What this task involves:
From top to bottom, print the listing word for word and skip any pictures it contains.

Information provided:
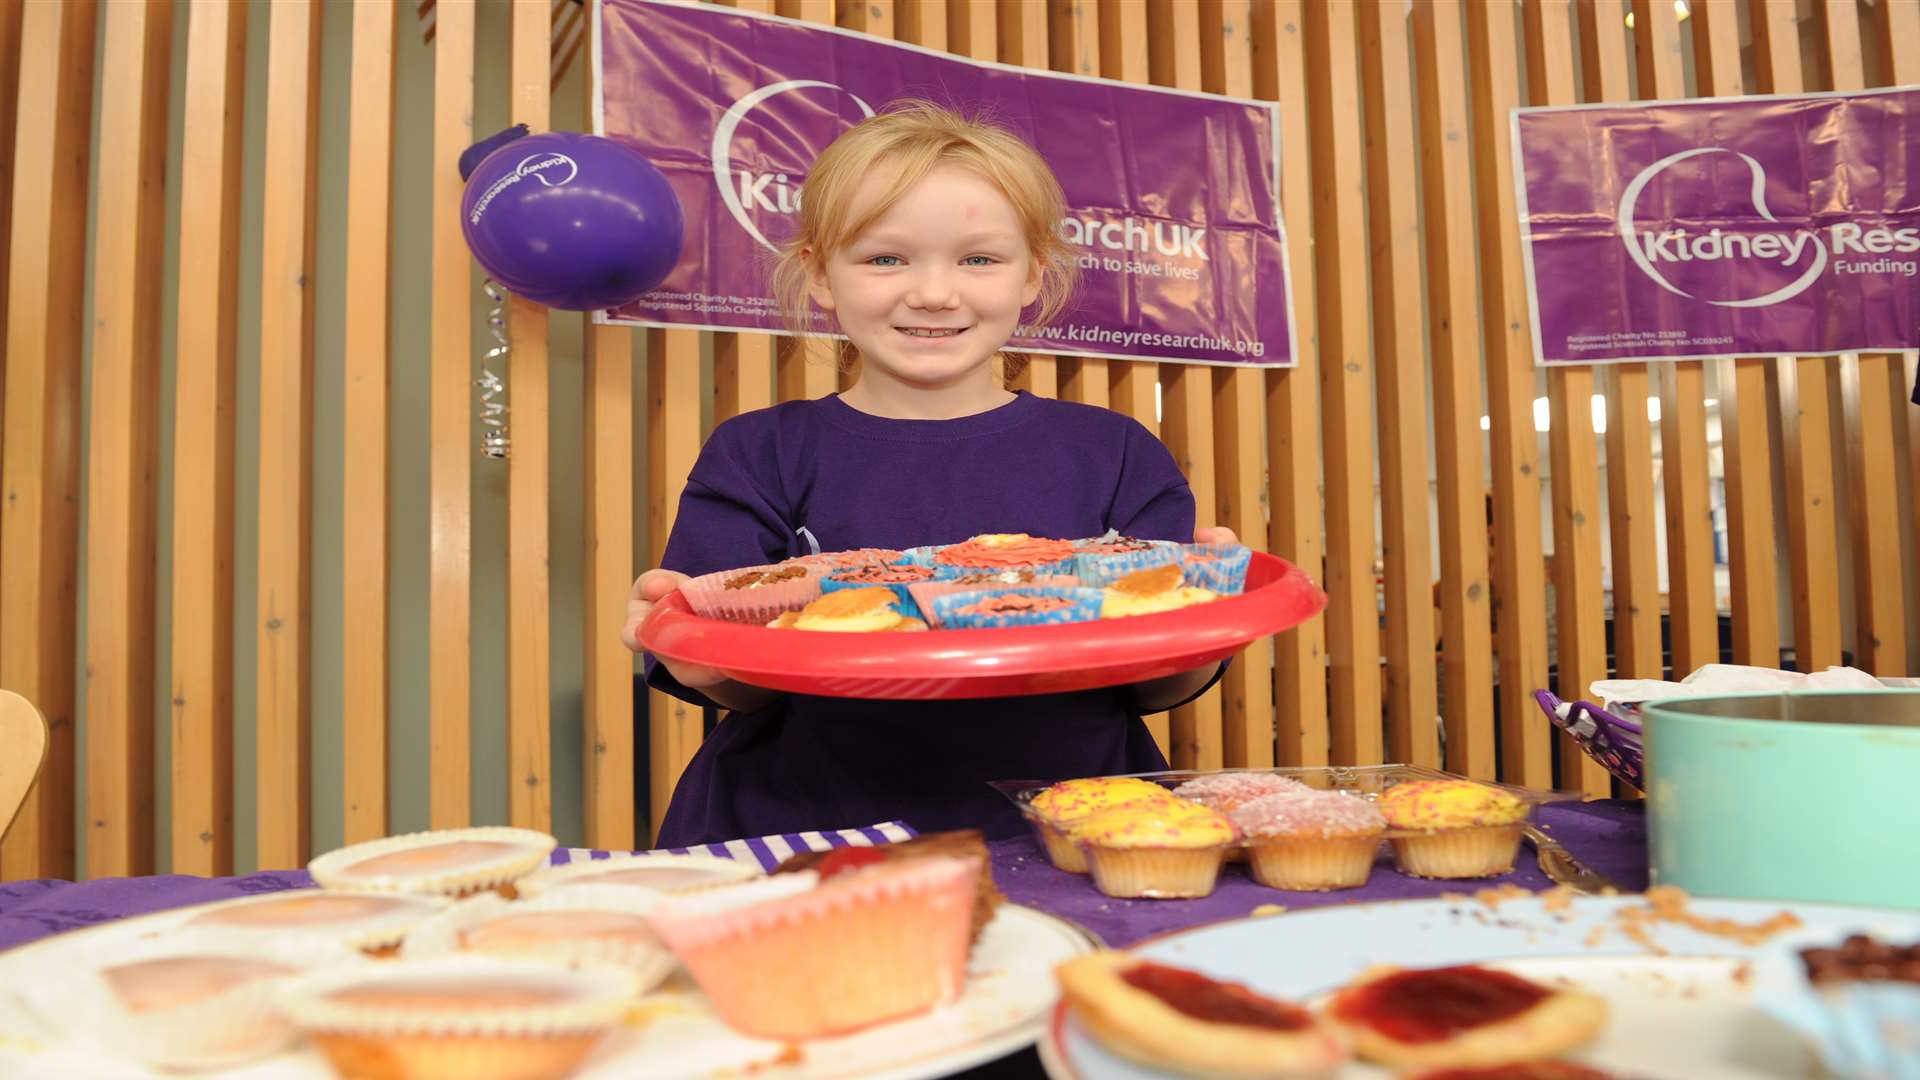 Chloe Heale, nine, sold cakes at Medway Maritime Hospital to raise money for Kidney Research
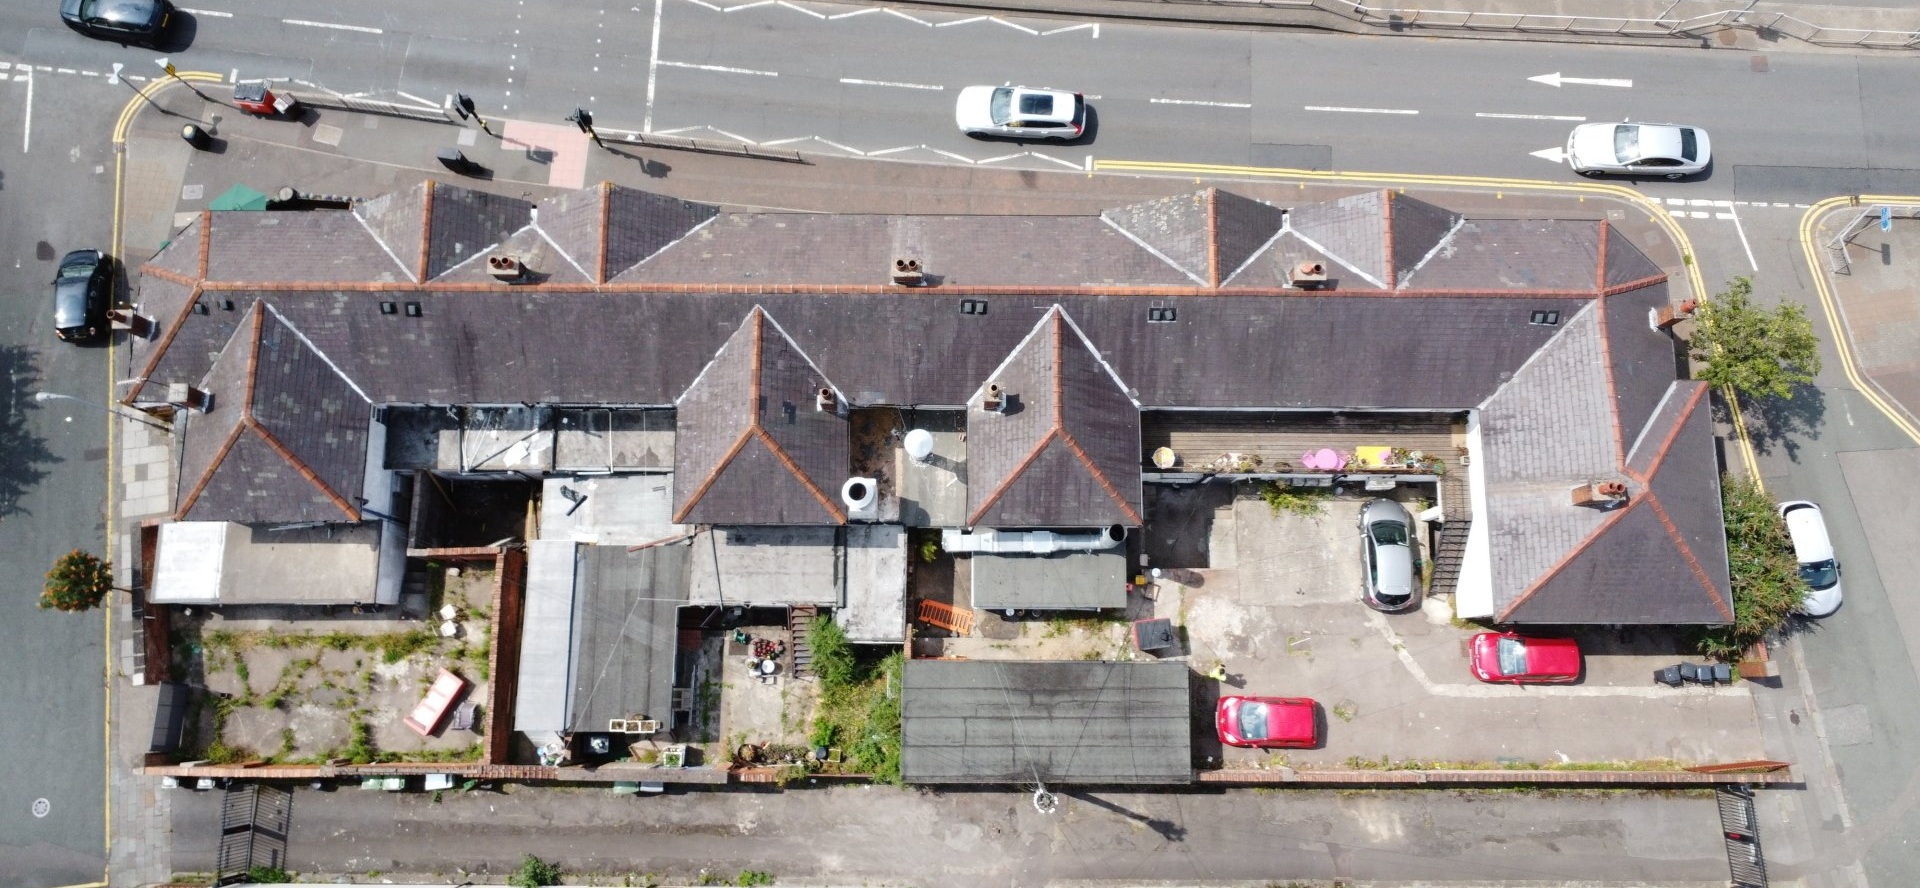 Drone Roof Inspections in the South East
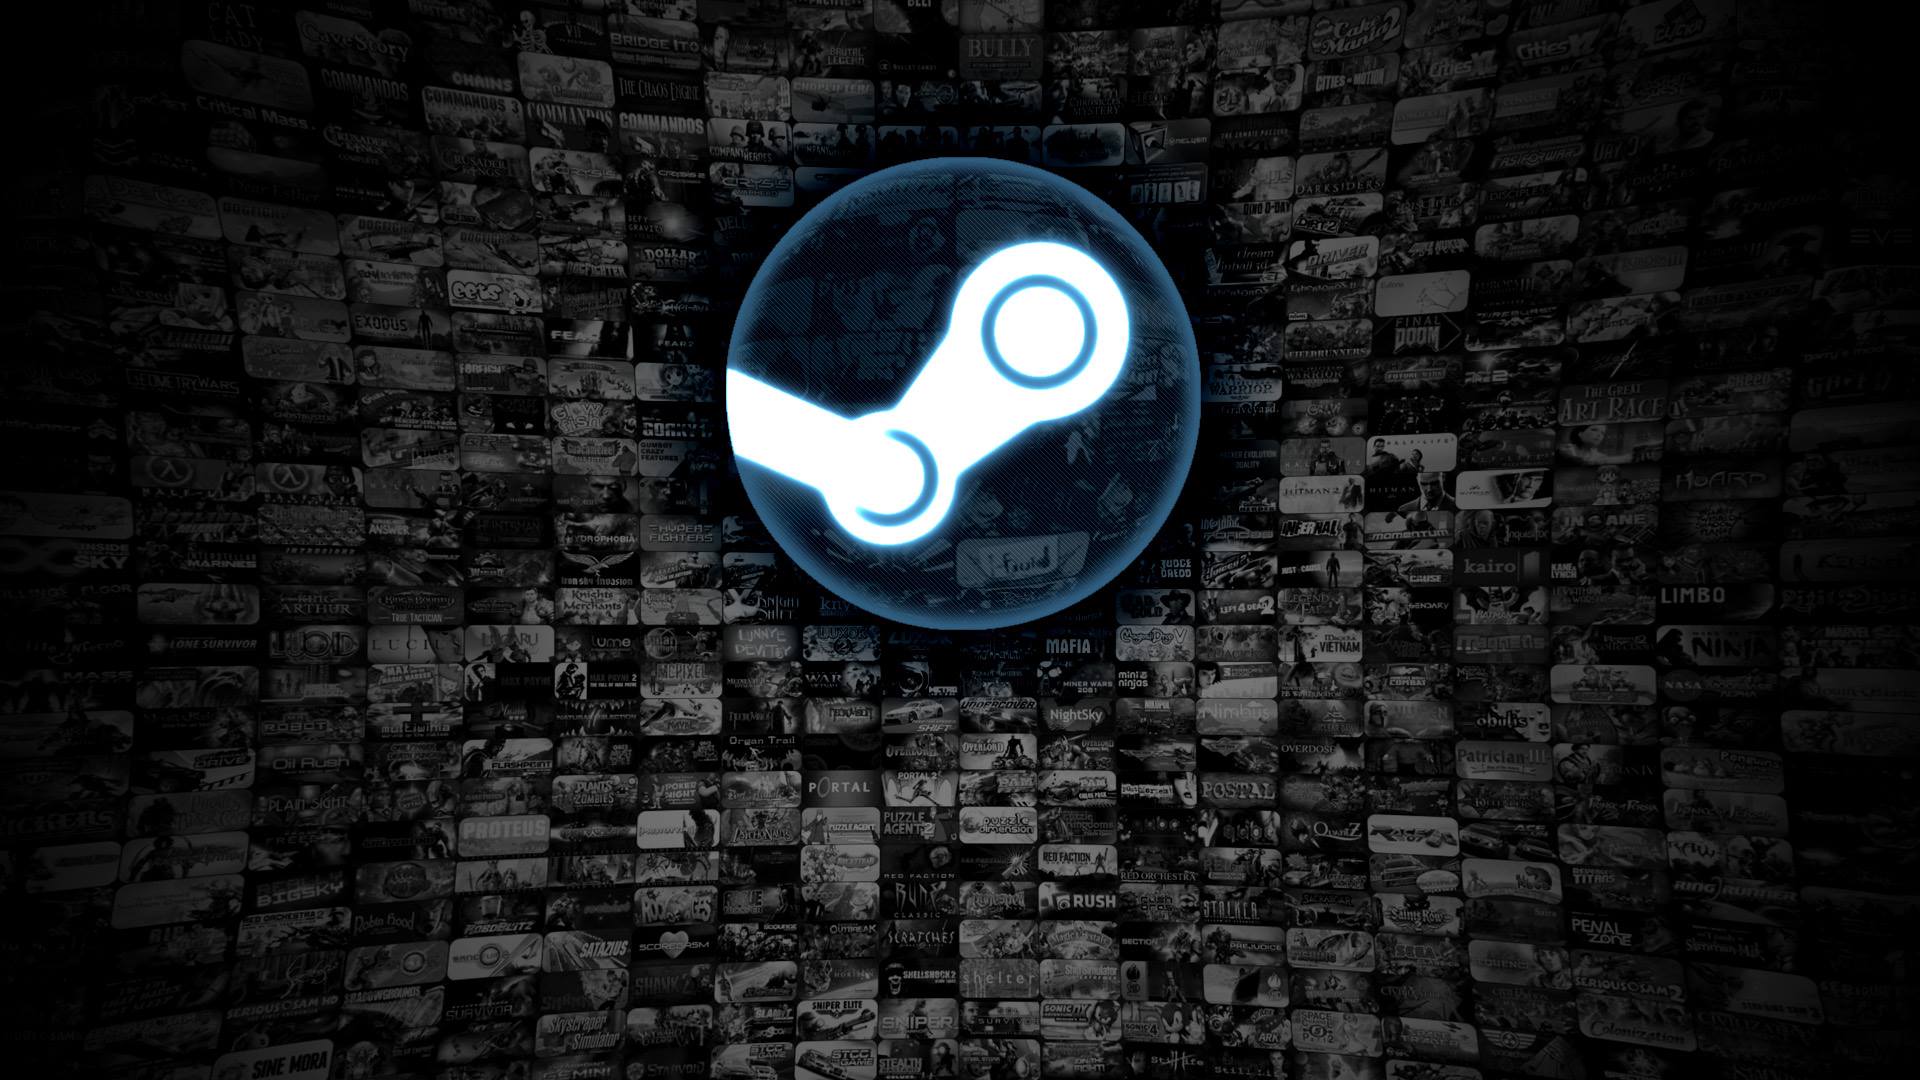 Steam reports a 'continuous increase in the number of games achieving  success on Steam' in 2019 - MCV/DEVELOP
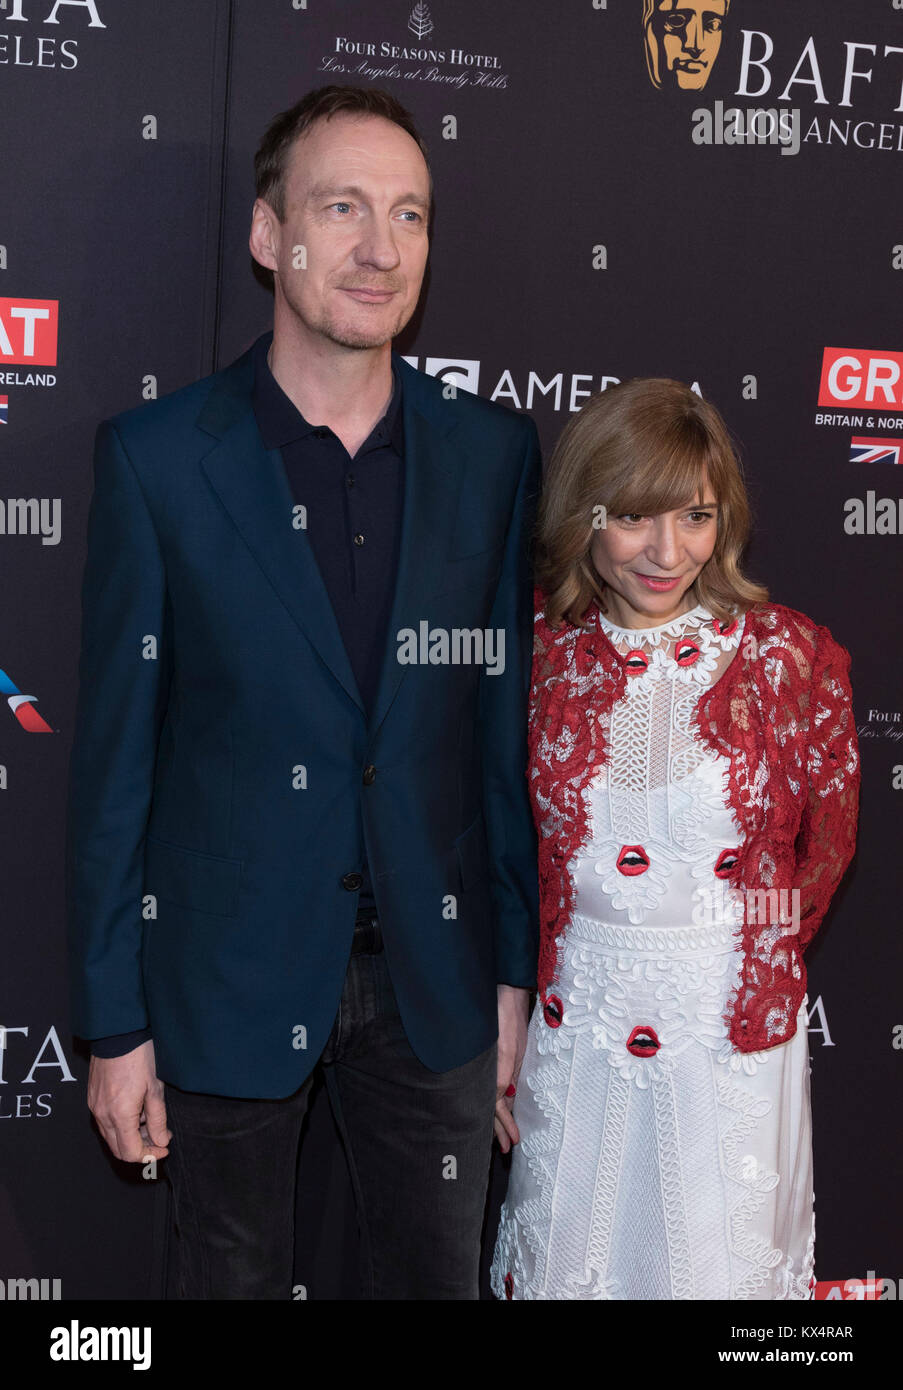 Los Angeles, USA. 06th Jan, 2018. David Thewlis and guest attend the BAFTA Los Angeles Awards Season Tea Party at Hotel Four Seasons in Beverly Hills, California, USA, on 06 January 2018. Credit: Hubert Boesl - NO WIRE SERVICE - Credit: Hubert Boesl/dpa/Alamy Live News Credit: dpa picture alliance/Alamy Live News Stock Photo

Task output:
 Chloe Heale, nine, sold cakes at Medway Maritime Hospital to raise money for Kidney Research
 Drone Roof Inspections in the South East
 Steam reports a 'continuous increase in the number of games achieving  success on Steam' in 2019 - MCV/DEVELOP
 Los Angeles, USA. 06th Jan, 2018. David Thewlis and guest attend the BAFTA Los Angeles Awards Season Tea Party at Hotel Four Seasons in Beverly Hills, California, USA, on 06 January 2018. Credit: Hubert Boesl - NO WIRE SERVICE - Credit: Hubert Boesl/dpa/Alamy Live News Credit: dpa picture alliance/Alamy Live News Stock Photo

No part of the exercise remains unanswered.